# Collected material:
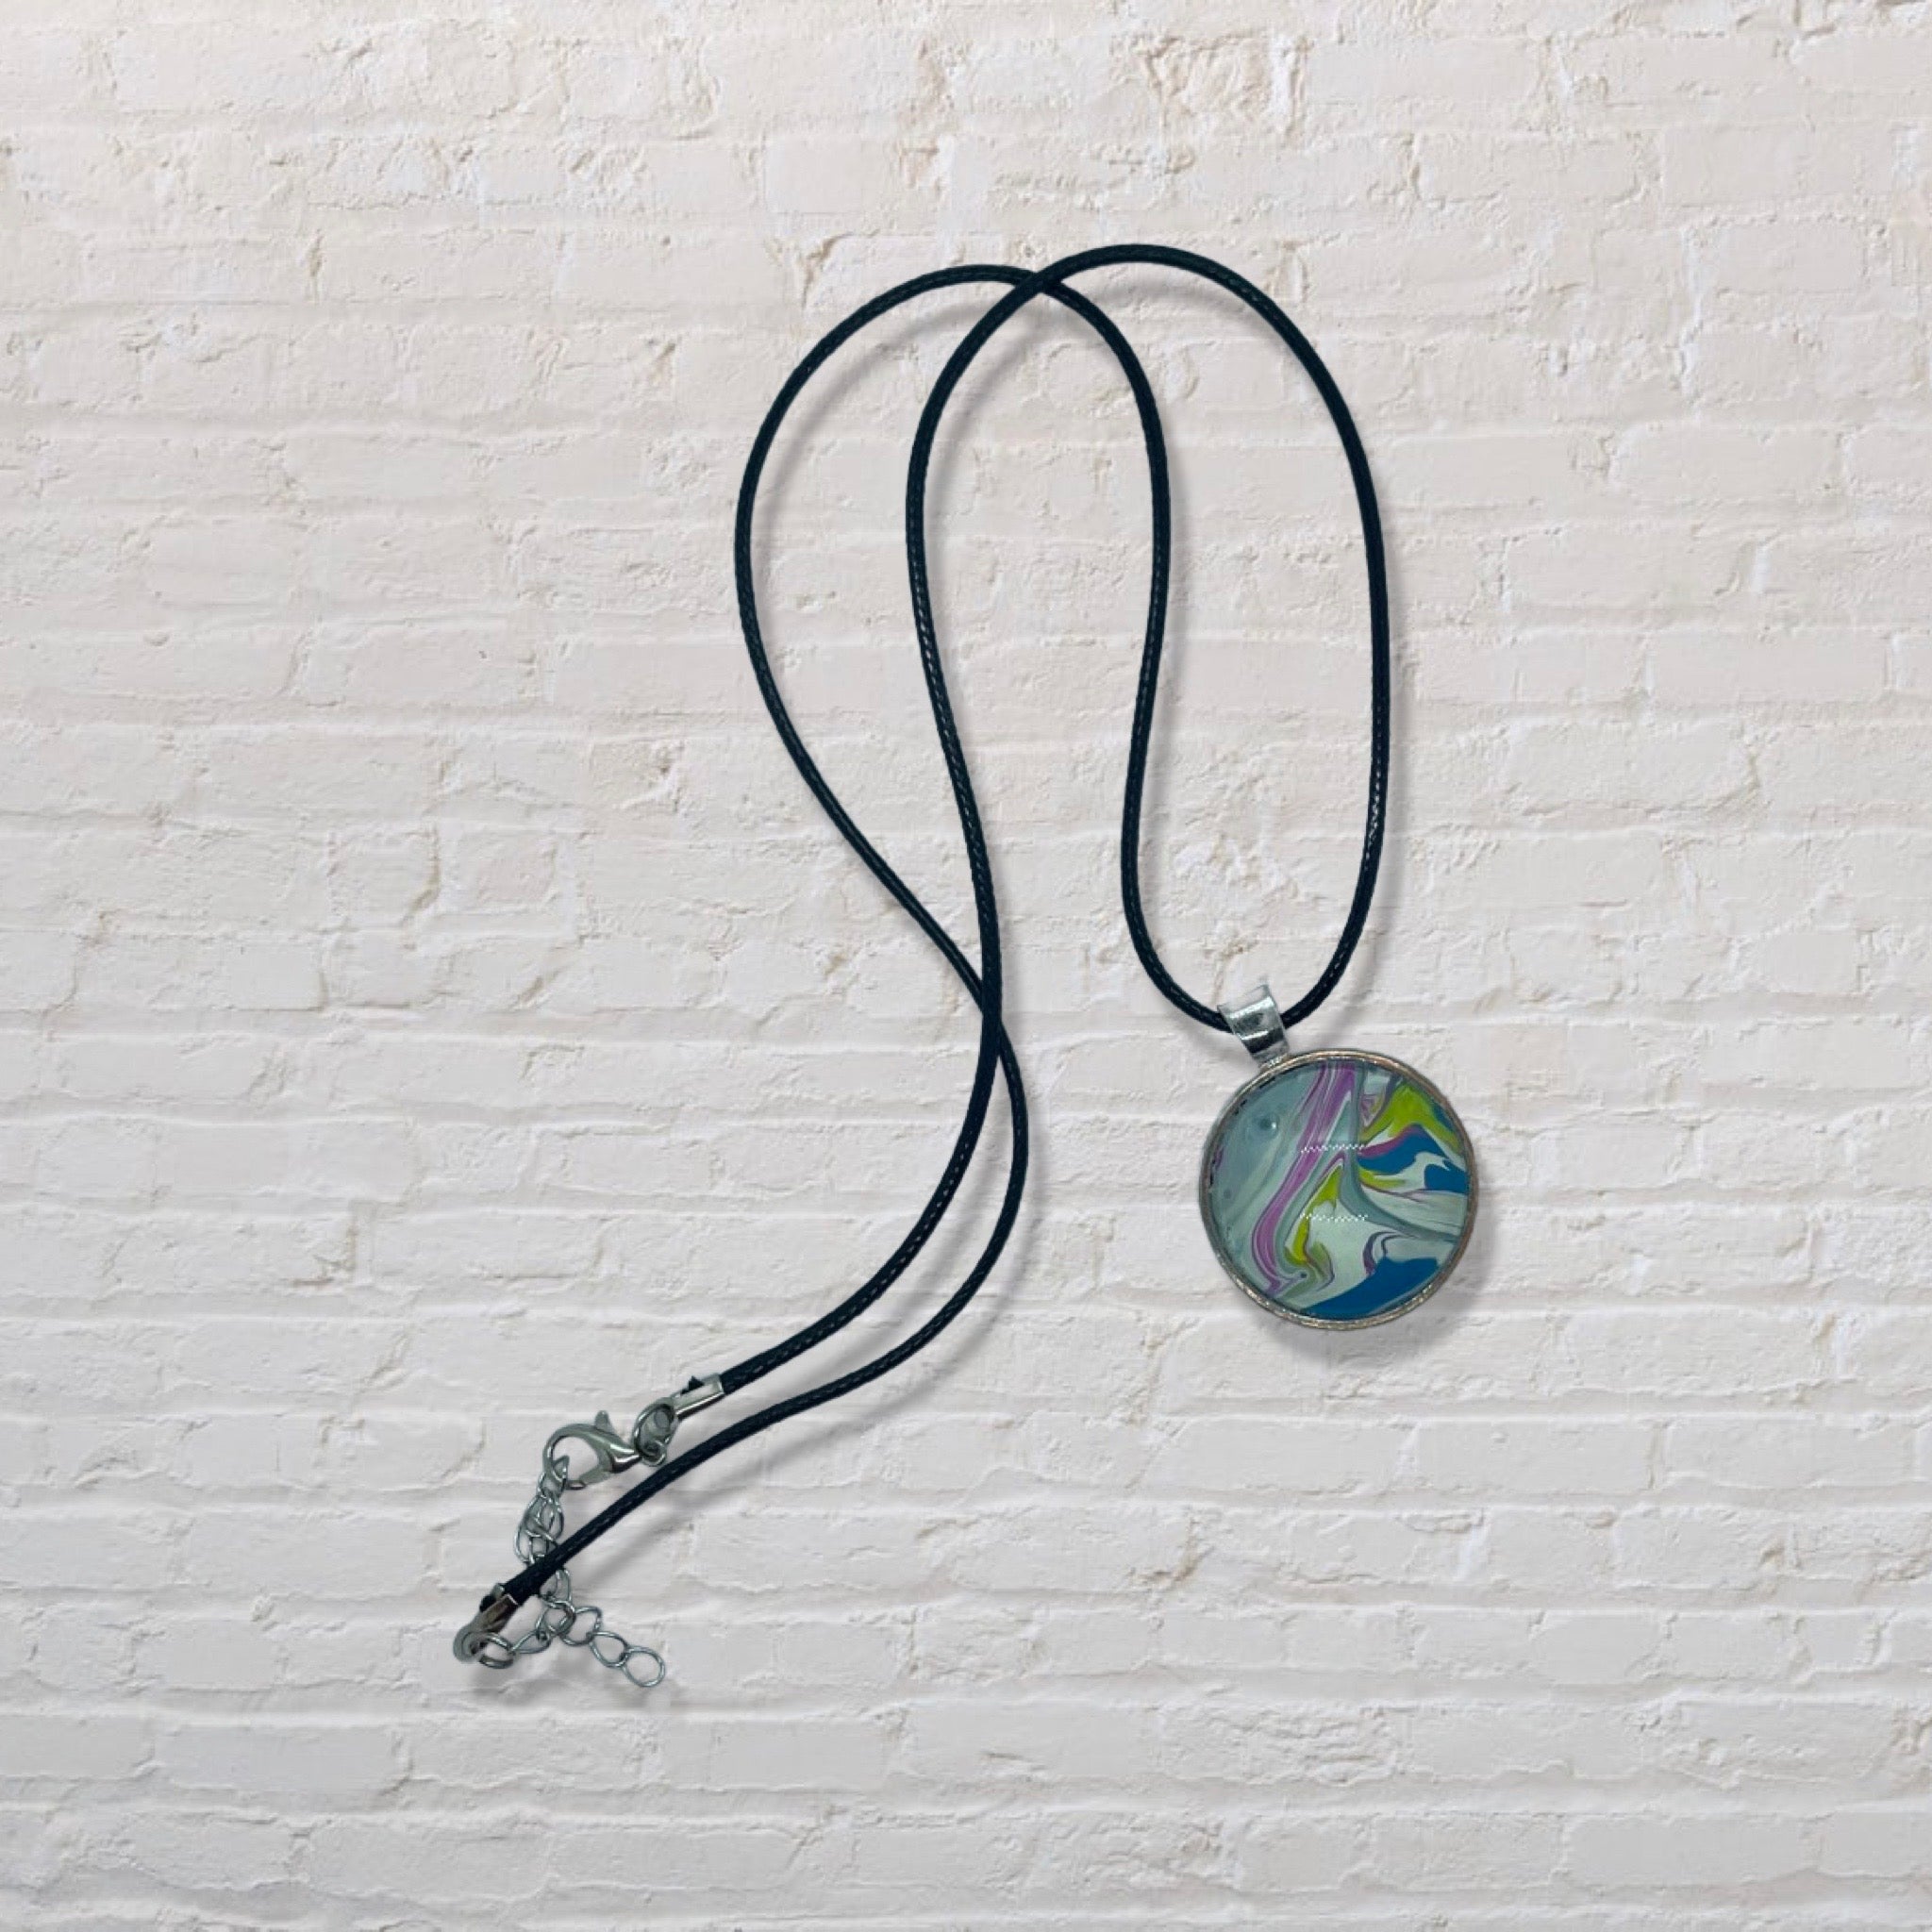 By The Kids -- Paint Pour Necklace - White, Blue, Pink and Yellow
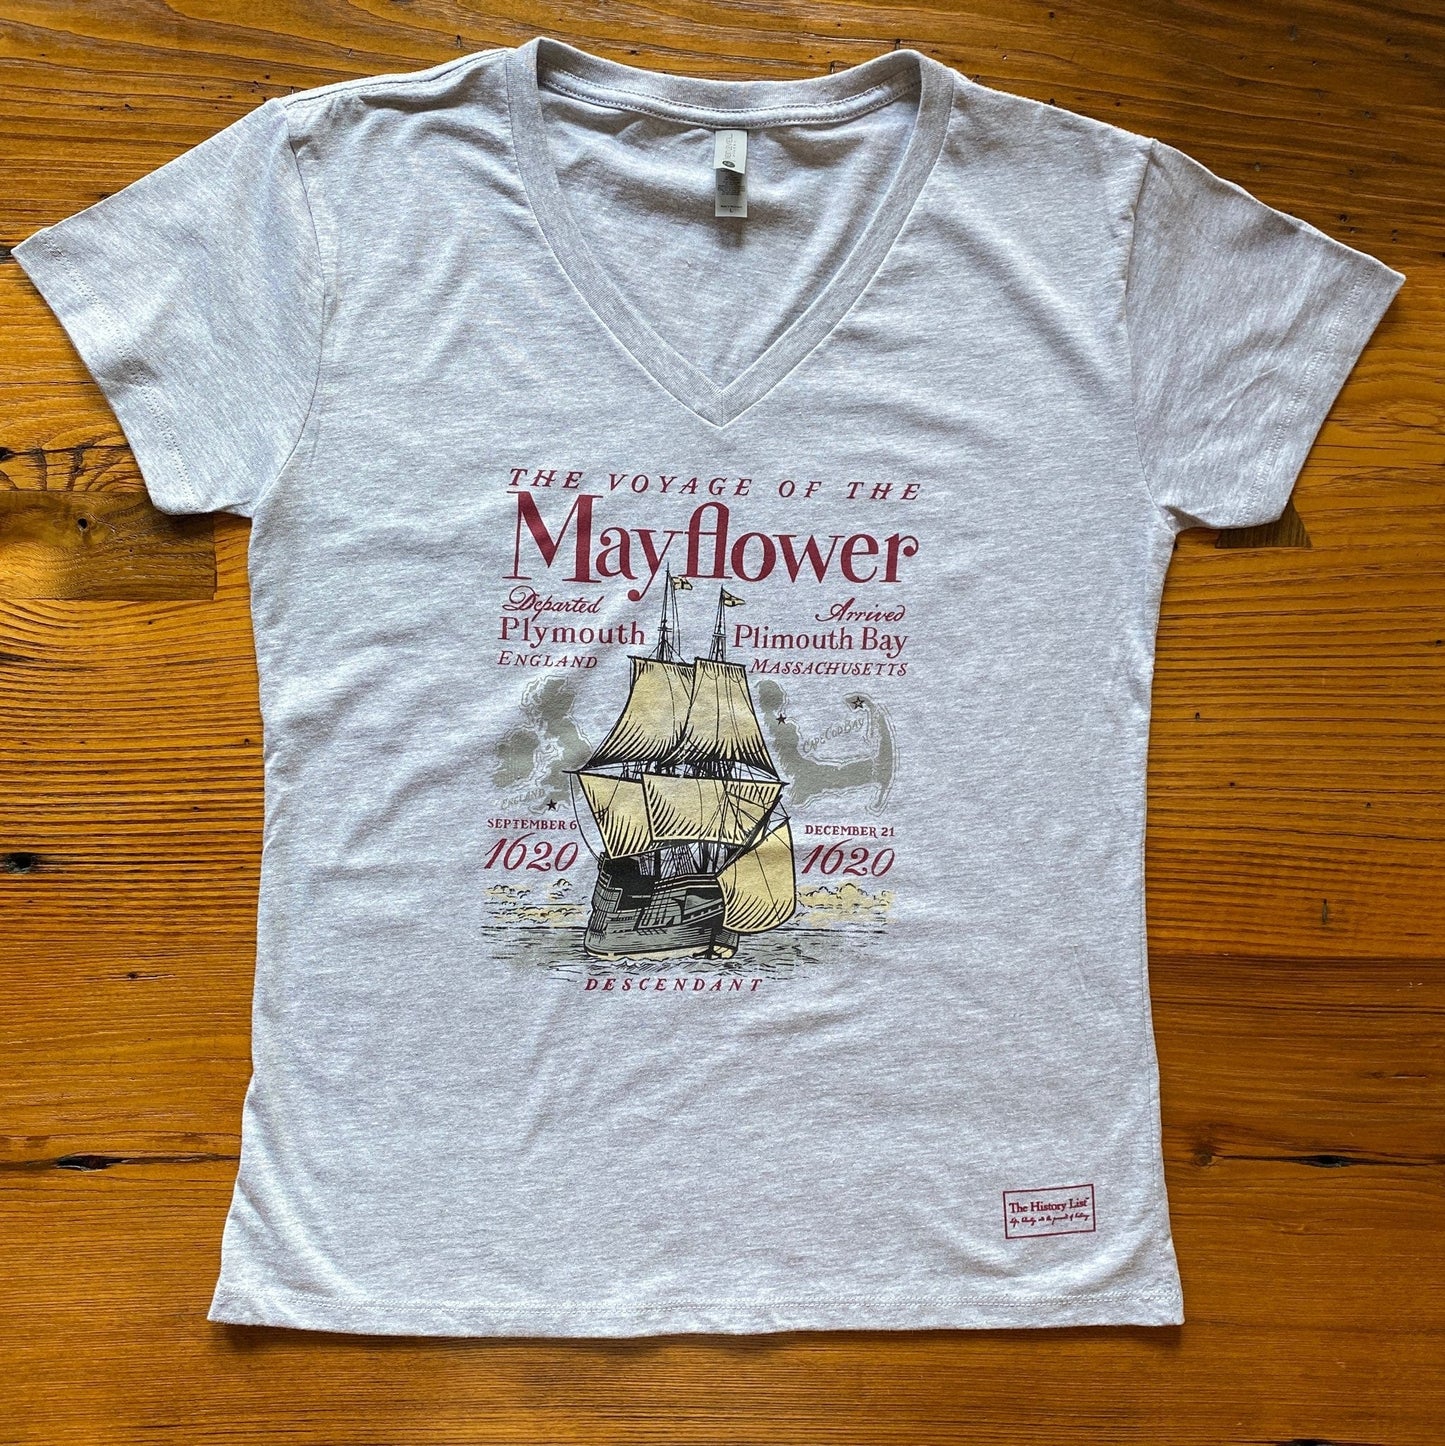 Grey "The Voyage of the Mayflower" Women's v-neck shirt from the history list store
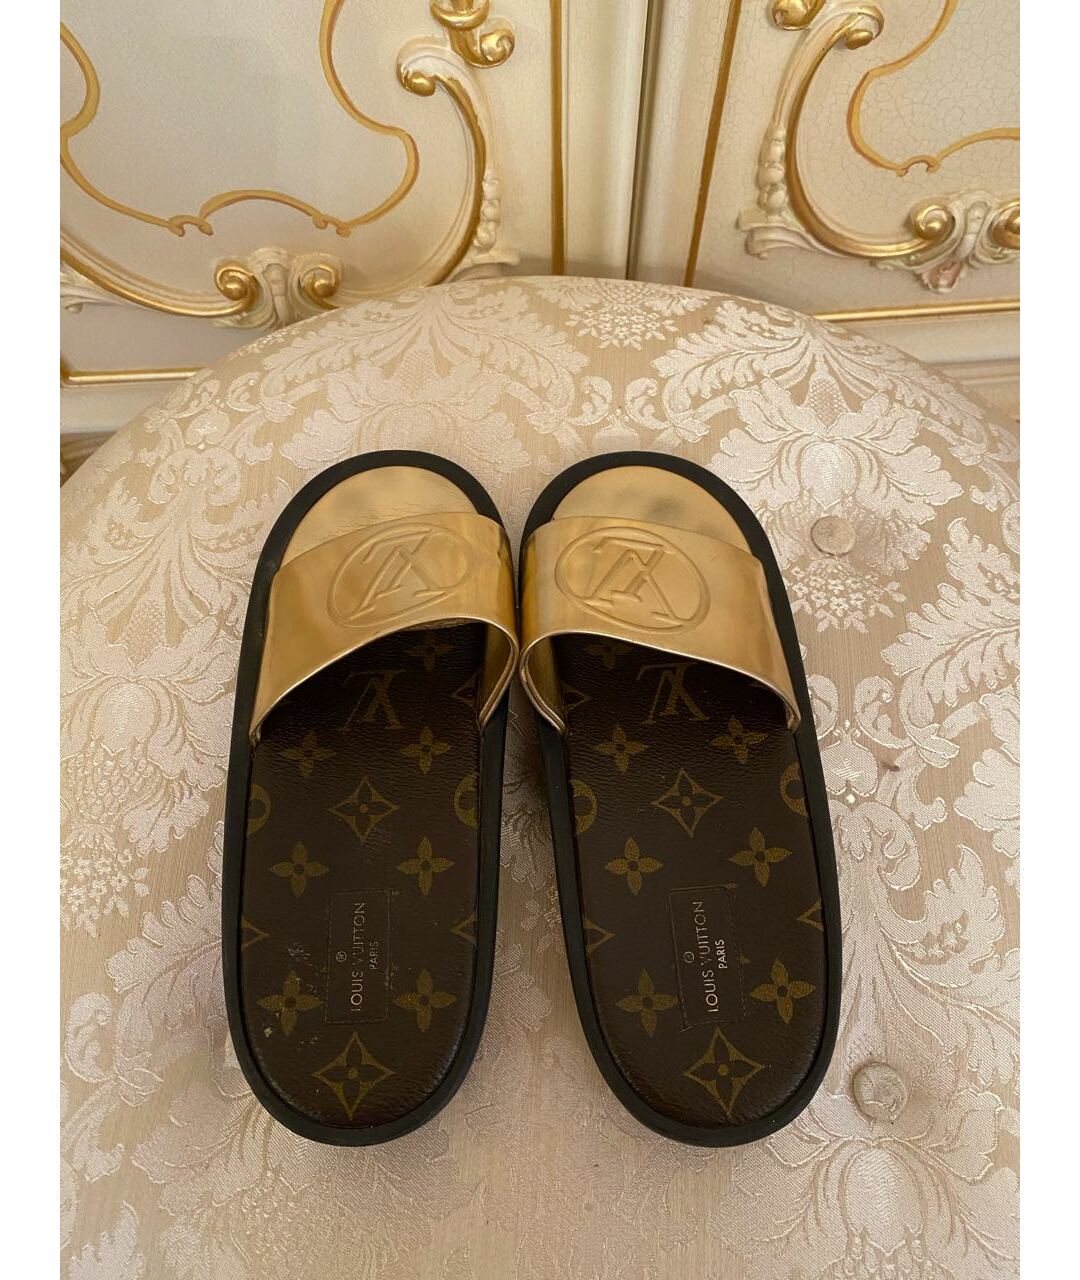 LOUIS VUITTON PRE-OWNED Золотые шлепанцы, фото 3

# Problem requirements:
A word-for-word repetition of the data above, without pictures, is the expected answer.

# Solved exercise:
 By The Kids -- Paint Pour Necklace - White, Blue, Pink and Yellow
 Grey "The Voyage of the Mayflower" Women's v-neck shirt from the history list store
 LOUIS VUITTON PRE-OWNED Золотые шлепанцы, фото 3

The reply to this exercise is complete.